6. Aviation is part of society and is not immune to trends in broader society. Airmanship and a thorough understanding of the aircraft has been gradually replaced by automation and SOPs and ECAM etc. At the same time, it is cheaper for the airline to rely on automation and SOPs, and not to teach airmanship and sound manual flying skills. So all the drivers here are aligned in the same direction.

7. Managers in all walks of life love SOPs as they create a level playing field in their eyes. A SOP can be read by a non-operational manager. SOPs eliminate "judgement call" as a defence for a decision made - non-operationsal managers always hate these as they are unable to judge a judgement call. But they can judge adherence to a SOP. So SOPs serve to dichotomise an individuals performance into either "right" and "wrong" - in a way that is accessible to a non-operational manager.

8. Due to reduced cost, worldwide capacity has increased dramatically.
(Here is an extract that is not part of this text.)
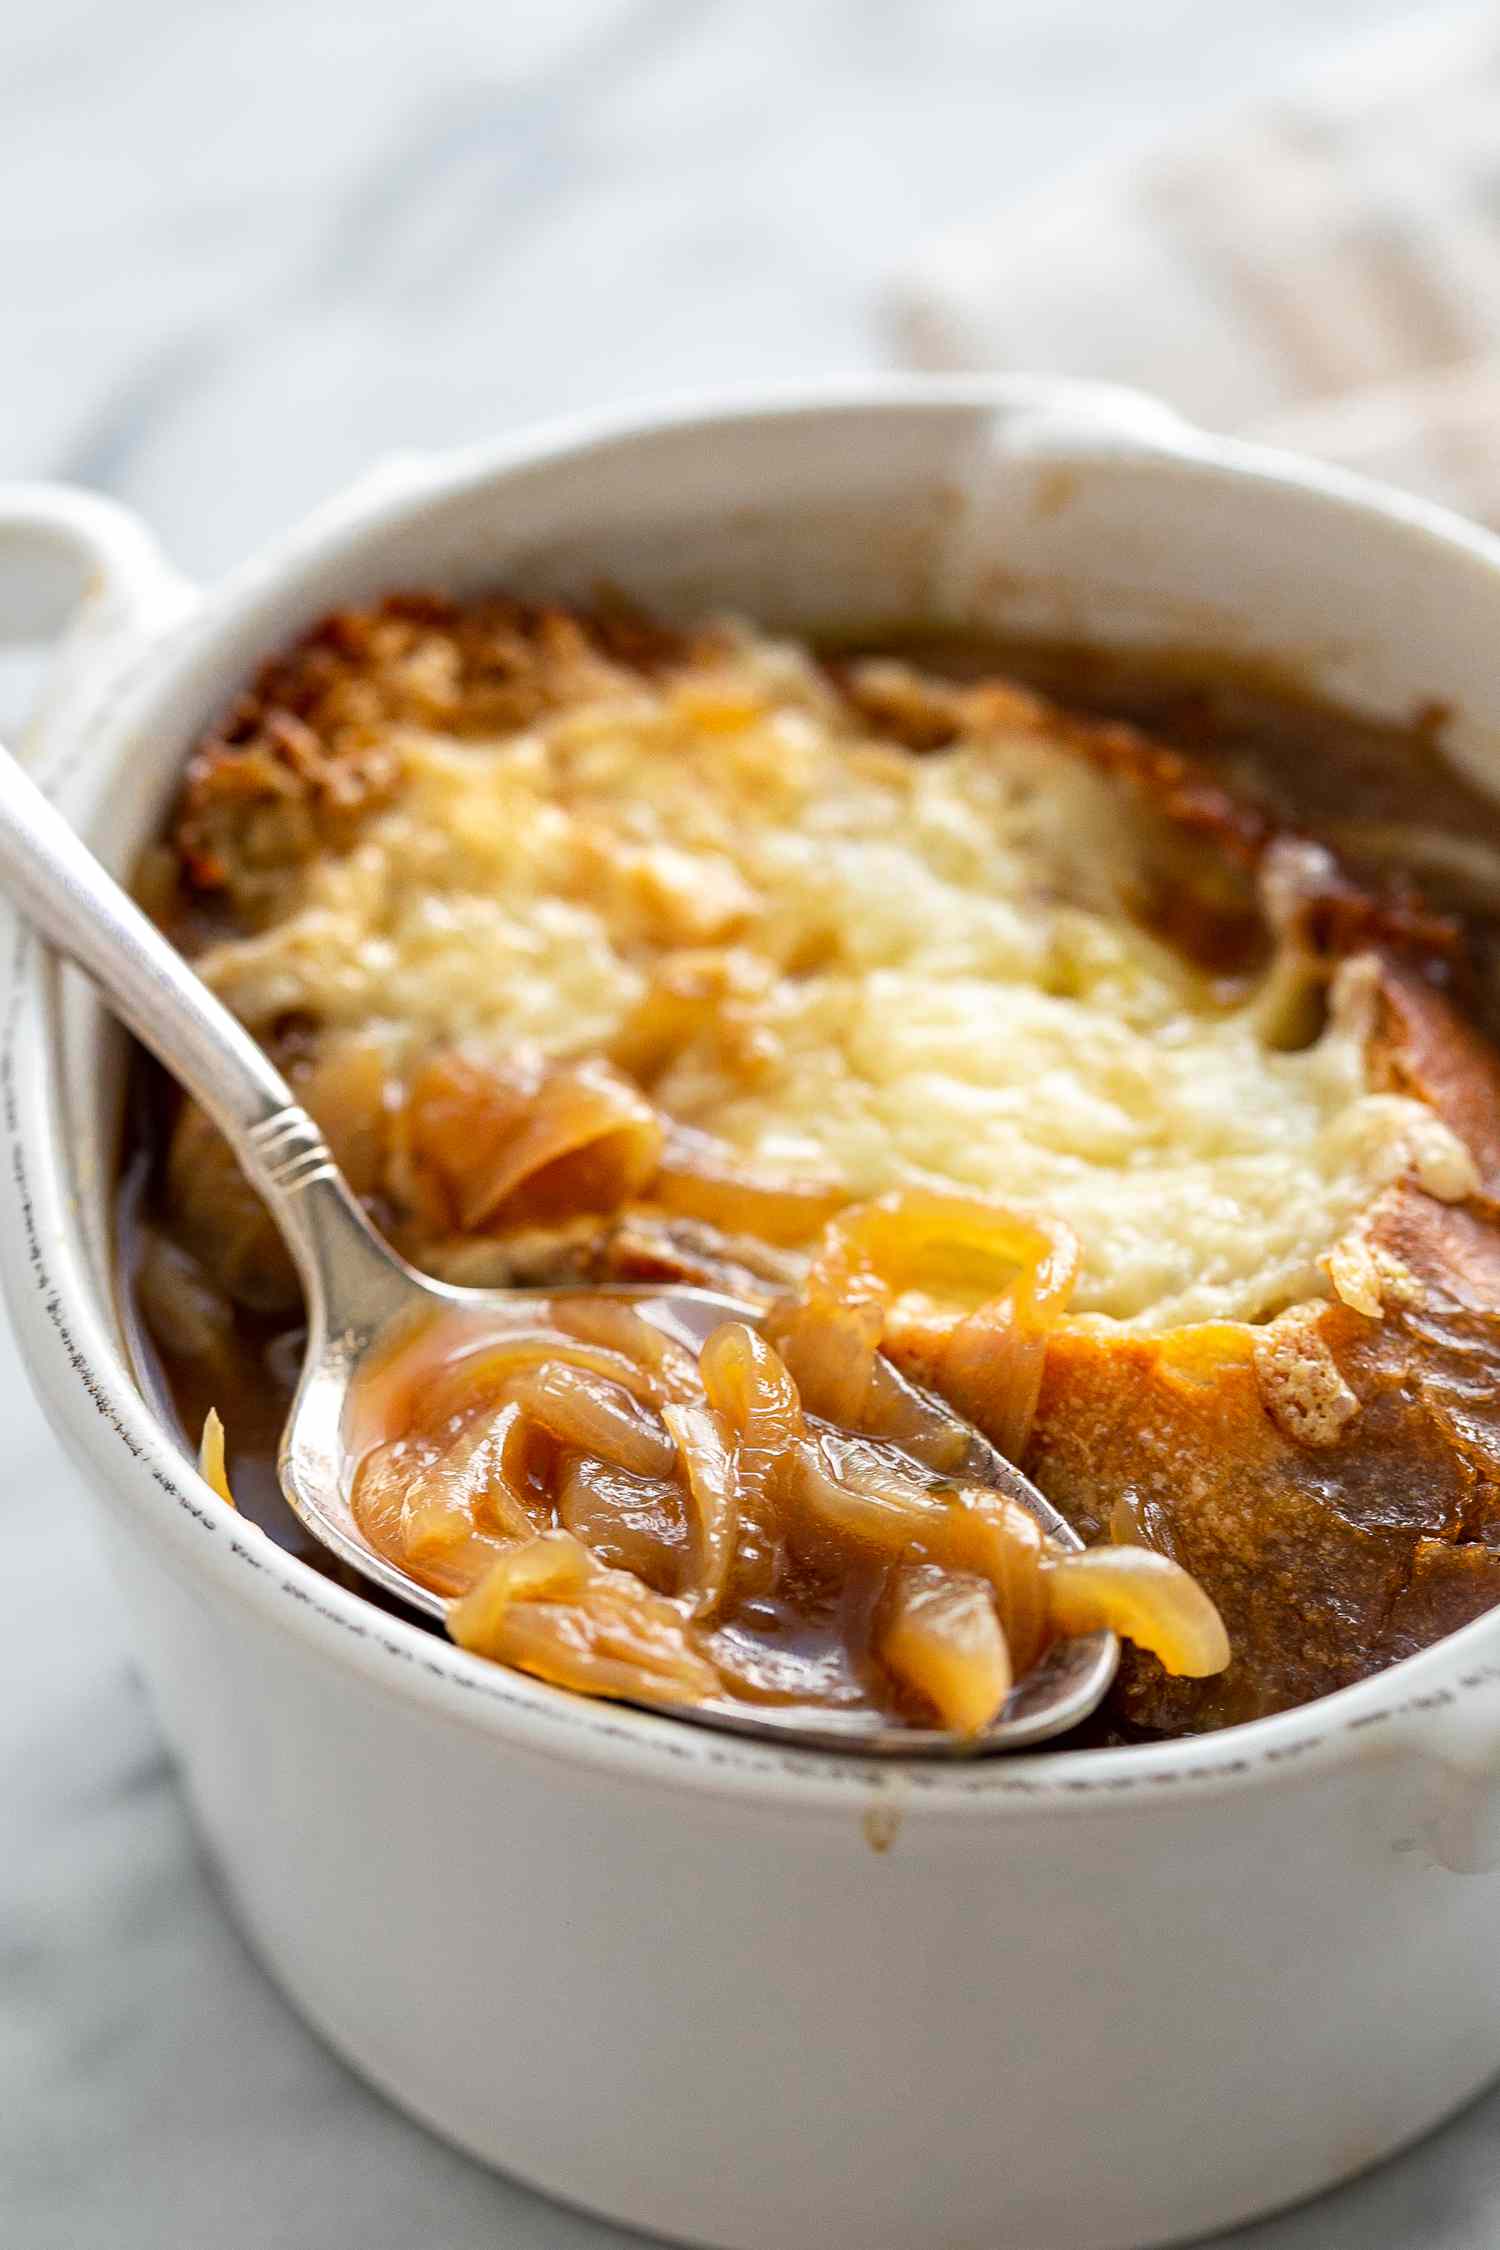 Make Restaurant Quality Savory French Onion Soup in Your Own Kitchen
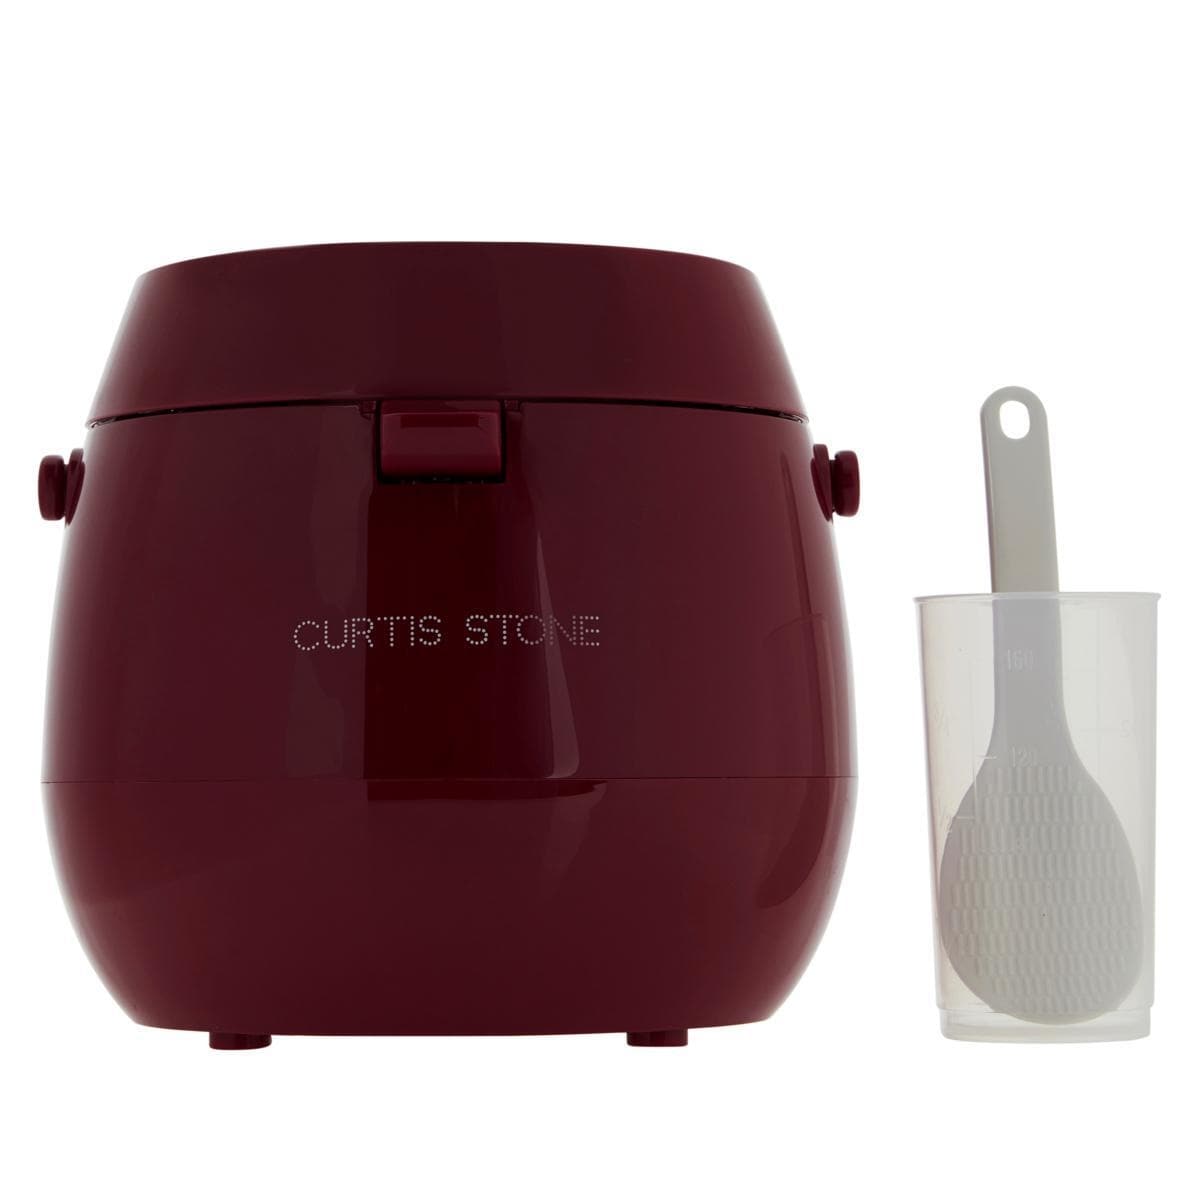 https://ak1.ostkcdn.com/images/products/is/images/direct/7a568aab47d6f08bcf525f513465df9b8765f7e5/Curtis-Stone-Dura-Pan-Nonstick-Mini-Multi-Cooker-Refurbished.jpg

When you need to dramatically increase supply, quality can suffer. People who would not have made the cut a few decades ago now get through (this isn't just an aviation thing either). And everyone wants to believe that quality pilots don't really matter much anymore. The airlines want to believe it to reduce costs. The airplane manufacturers peddle this line knowing it is what the airlines want to hear.

9. On top of all this, some people here suggest a problem with Asian cultures and over-reliance on automation. They point to the presumed cause for this crash, or Asiana 214 at SFO (and overlook the western crews of AF447 or QF1 at Bangkok). I have spent a fair bit of time in Asia, and enjoy the culture. Maybe there is a case that the deferential culture at times allows small problems to develop into big problems. Maybe. But I suspect the real issue has less to do with the culture per se, and more to do with:
a) this is where growth has been most dramatic (and hence quality control is likely to be most problematic)
b) developing countries mean developing standards (as mentioned by others)
c) they have to deliver the product at a lower price consistent with the lower cost of living in this region. They pay the same for fuel and planes, so guess where the savings are achieved.

And I suspect that worldwide aviation has much bigger problems to address than different cultures in different areas. Because our similarities are greater than our differences.


Its all a bit grim. Particularly as bean-counters will keep pointing to number 1 (increased safety overall) and state there is no problem.